[DATA]
****************

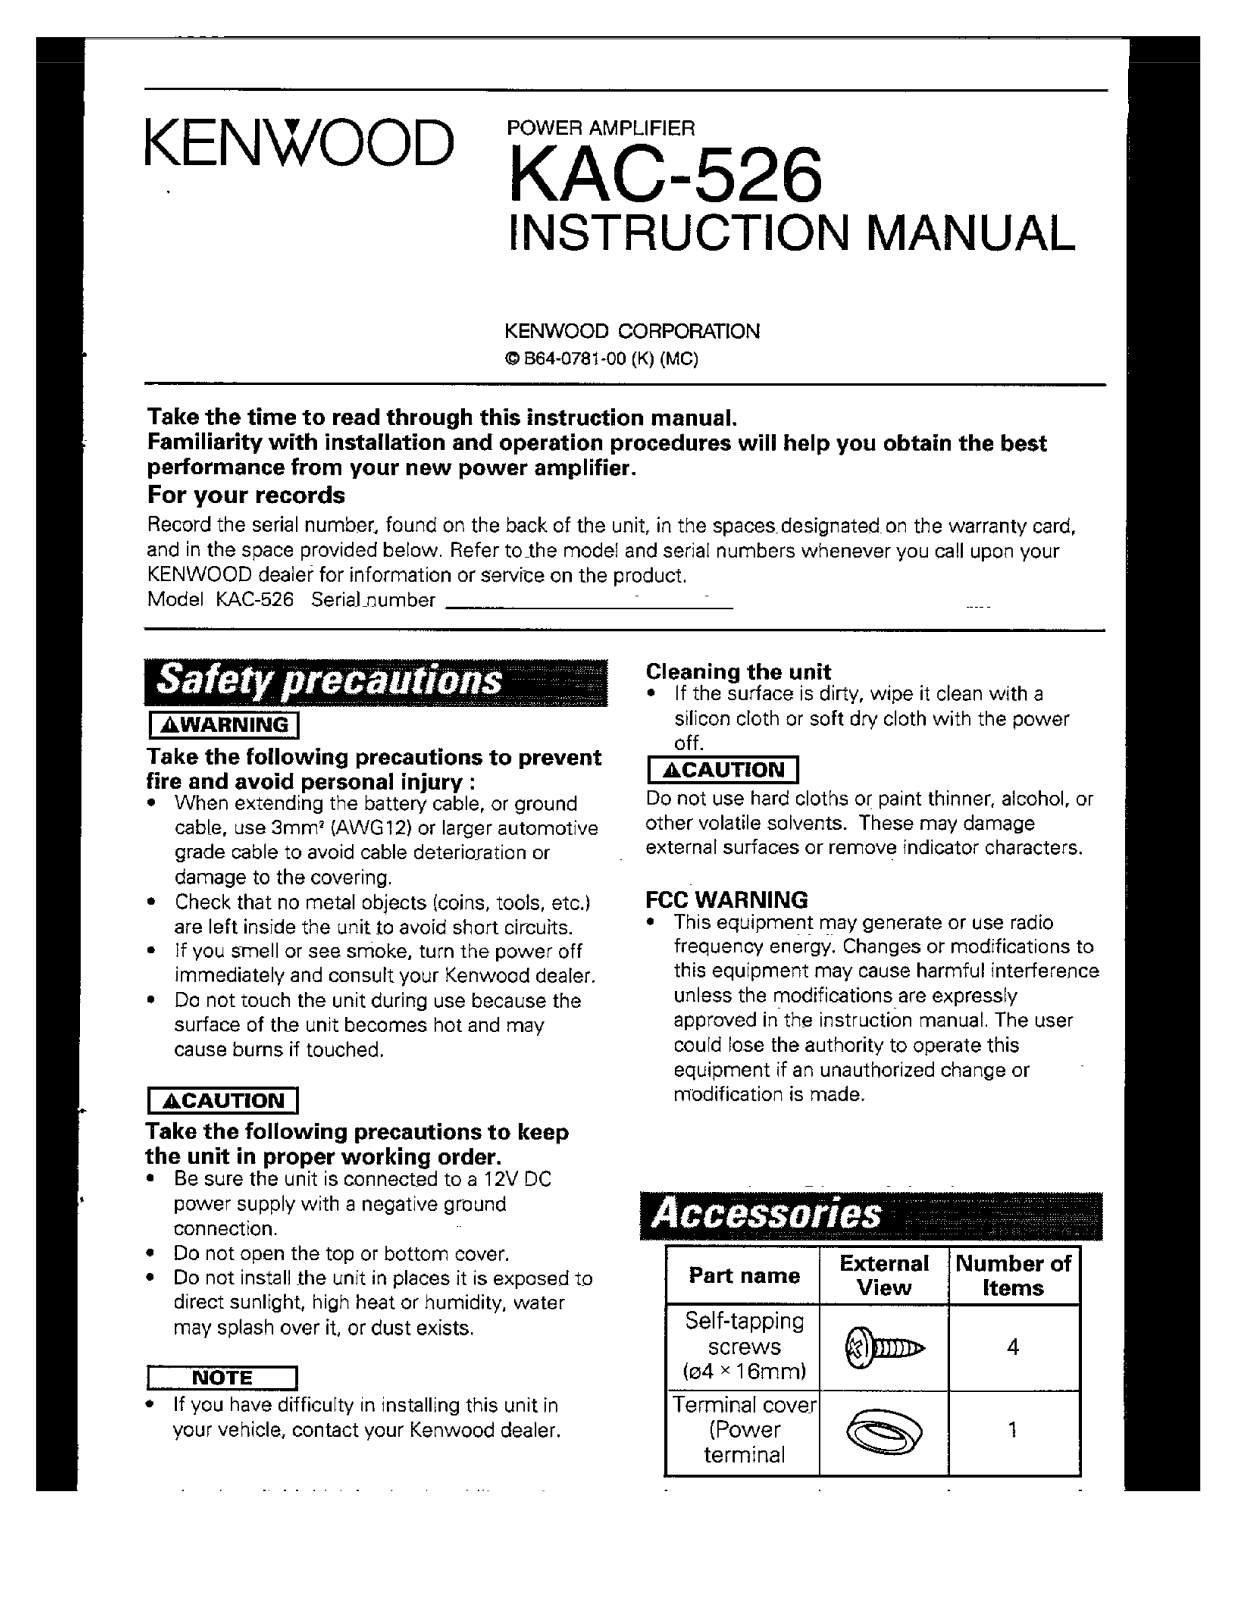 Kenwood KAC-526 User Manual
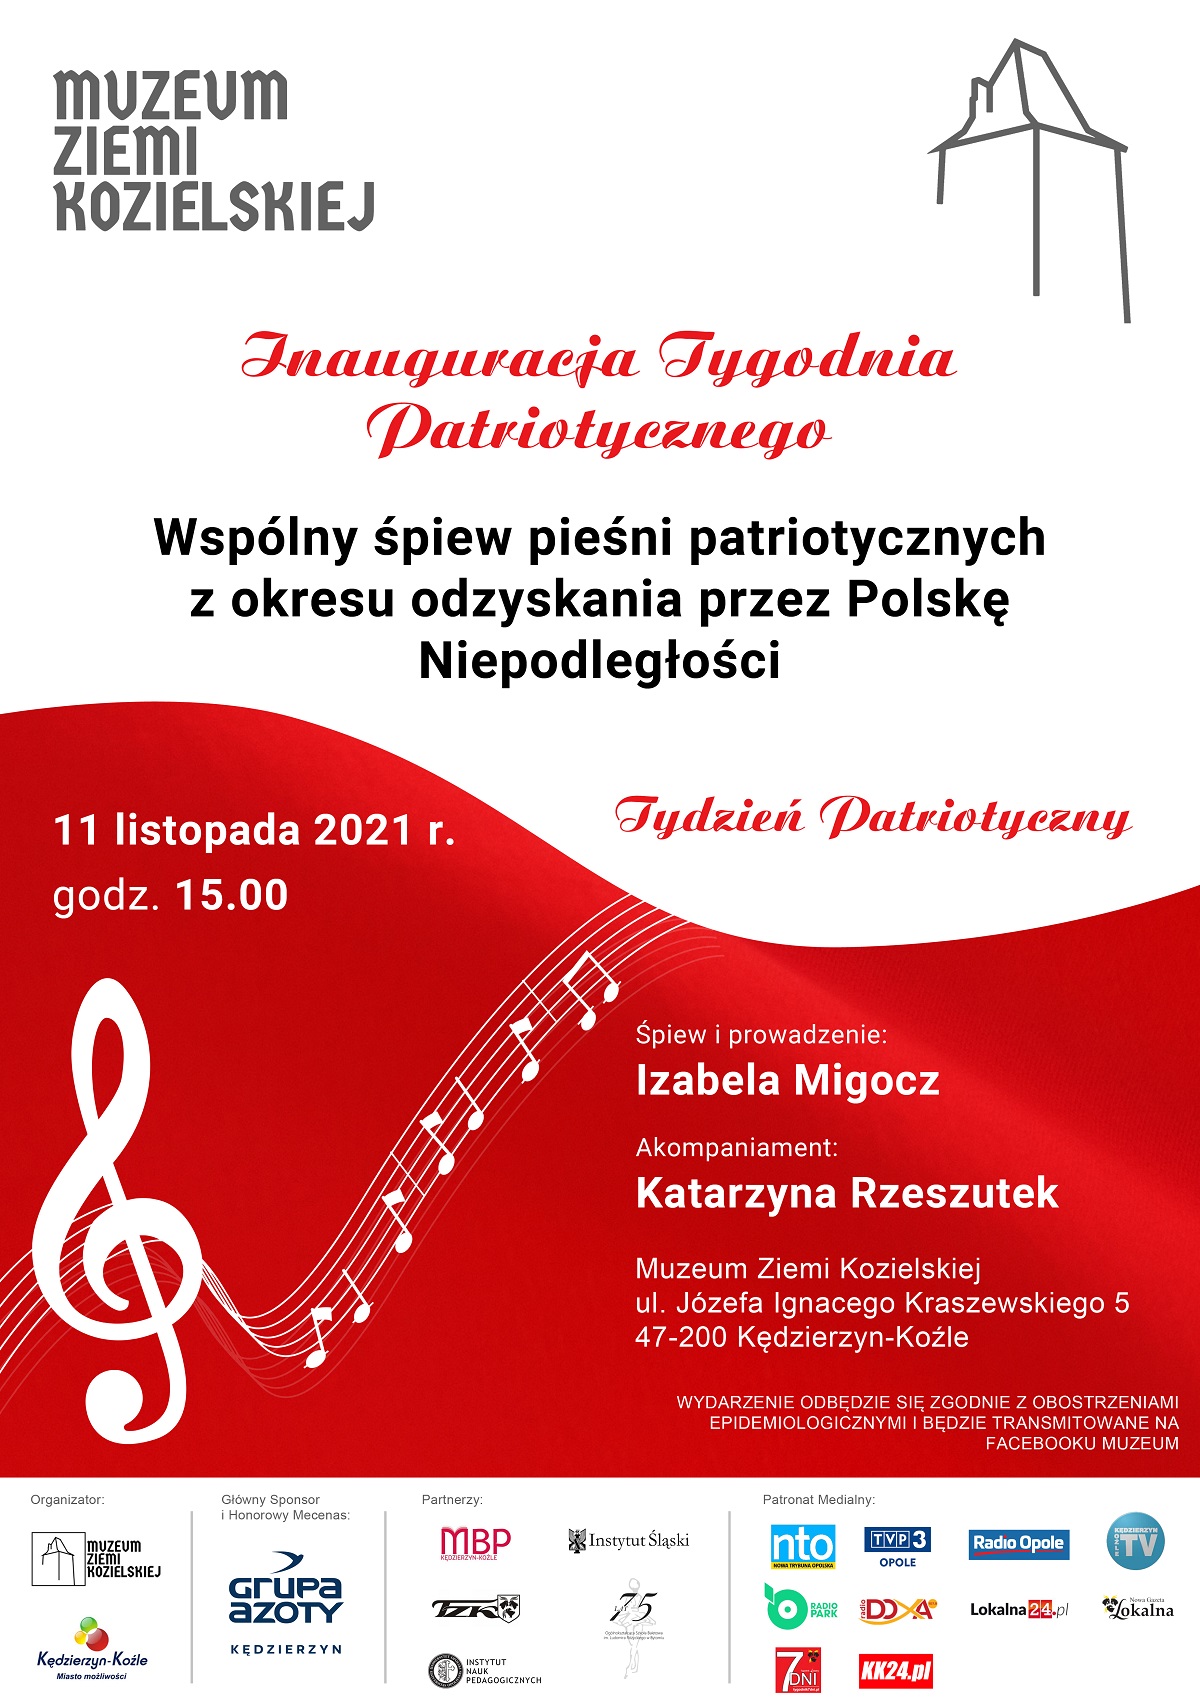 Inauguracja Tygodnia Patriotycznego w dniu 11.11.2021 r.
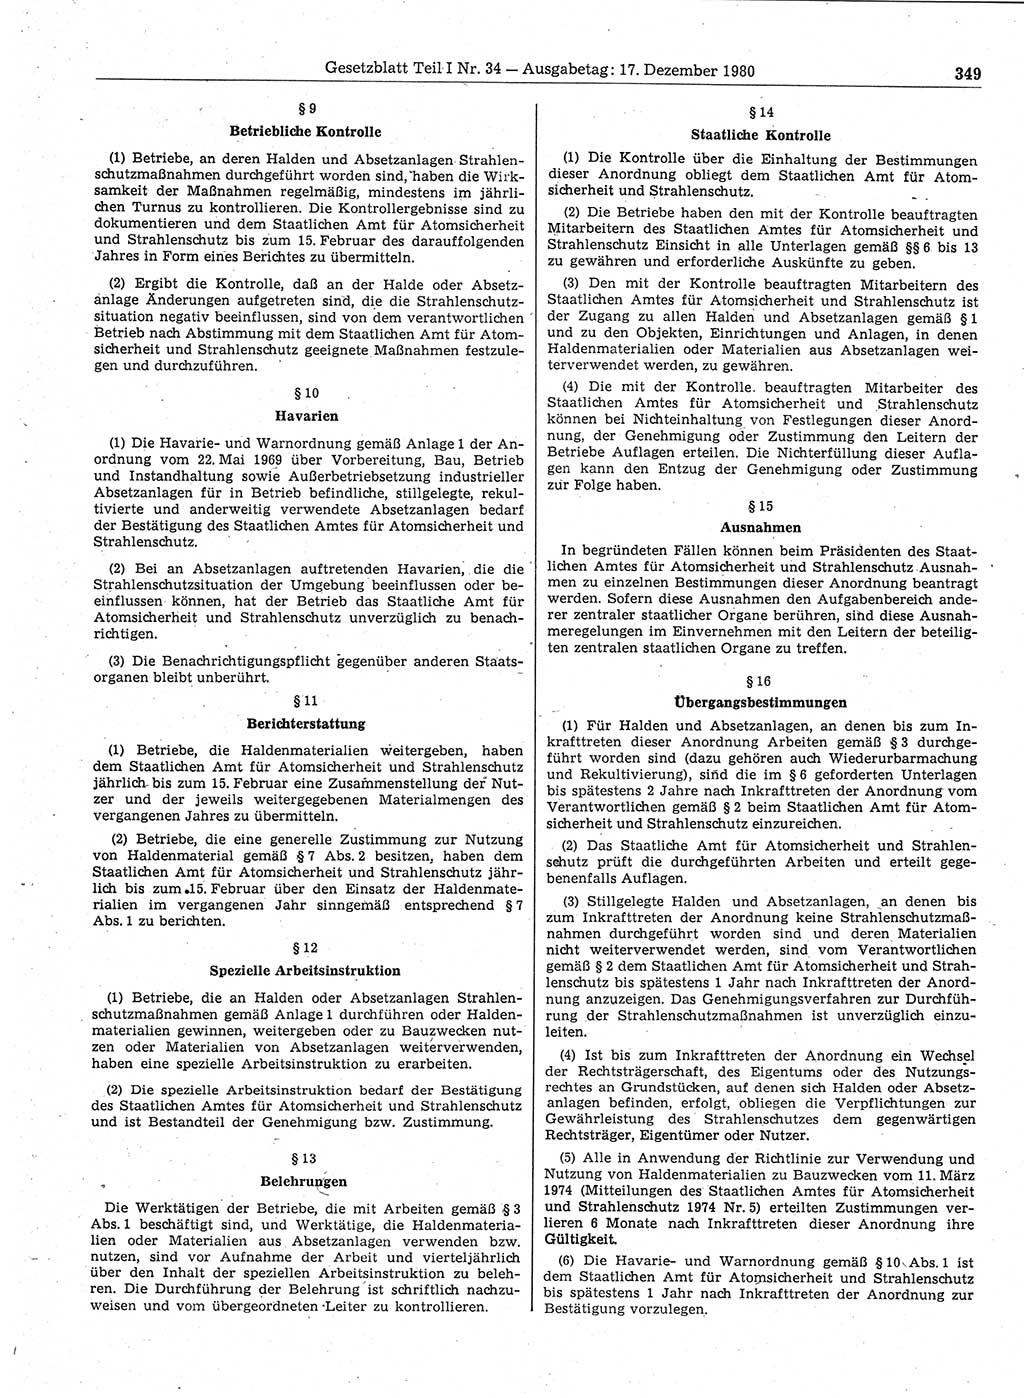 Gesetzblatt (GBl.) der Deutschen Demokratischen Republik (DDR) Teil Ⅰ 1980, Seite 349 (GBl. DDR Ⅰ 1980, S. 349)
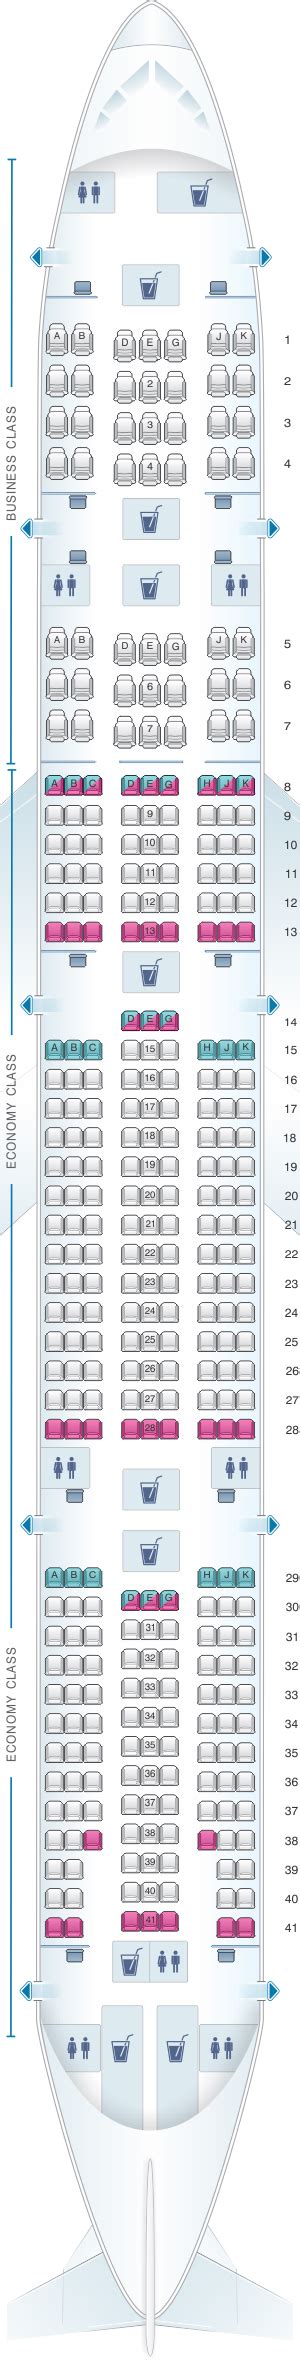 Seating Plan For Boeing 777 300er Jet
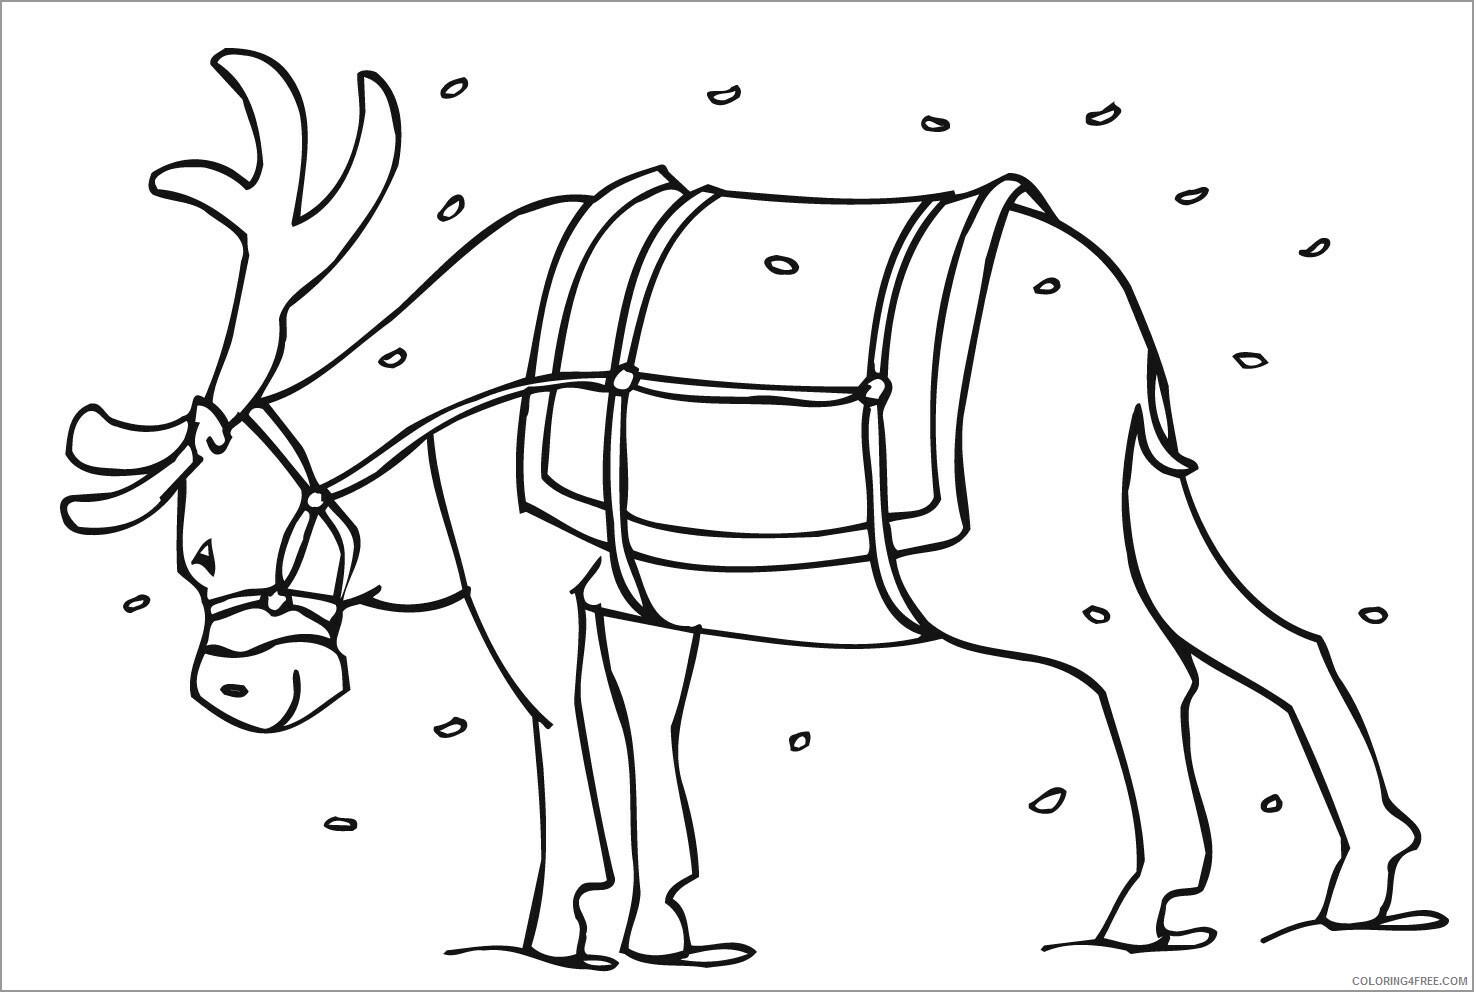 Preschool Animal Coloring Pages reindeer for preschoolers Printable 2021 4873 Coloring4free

****************

[WORK TO BE COMPLETED] Could you write out the records again exactly, without any of their pictures?

[TASK RESULT]
 Kenwood KAC-526 User Manual
 Inauguracja Tygodnia Patriotycznego w dniu 11.11.2021 r.
 Gesetzblatt (GBl.) der Deutschen Demokratischen Republik (DDR) Teil Ⅰ 1980, Seite 349 (GBl. DDR Ⅰ 1980, S. 349)
 Seating Plan For Boeing 777 300er Jet
 Preschool Animal Coloring Pages reindeer for preschoolers Printable 2021 4873 Coloring4free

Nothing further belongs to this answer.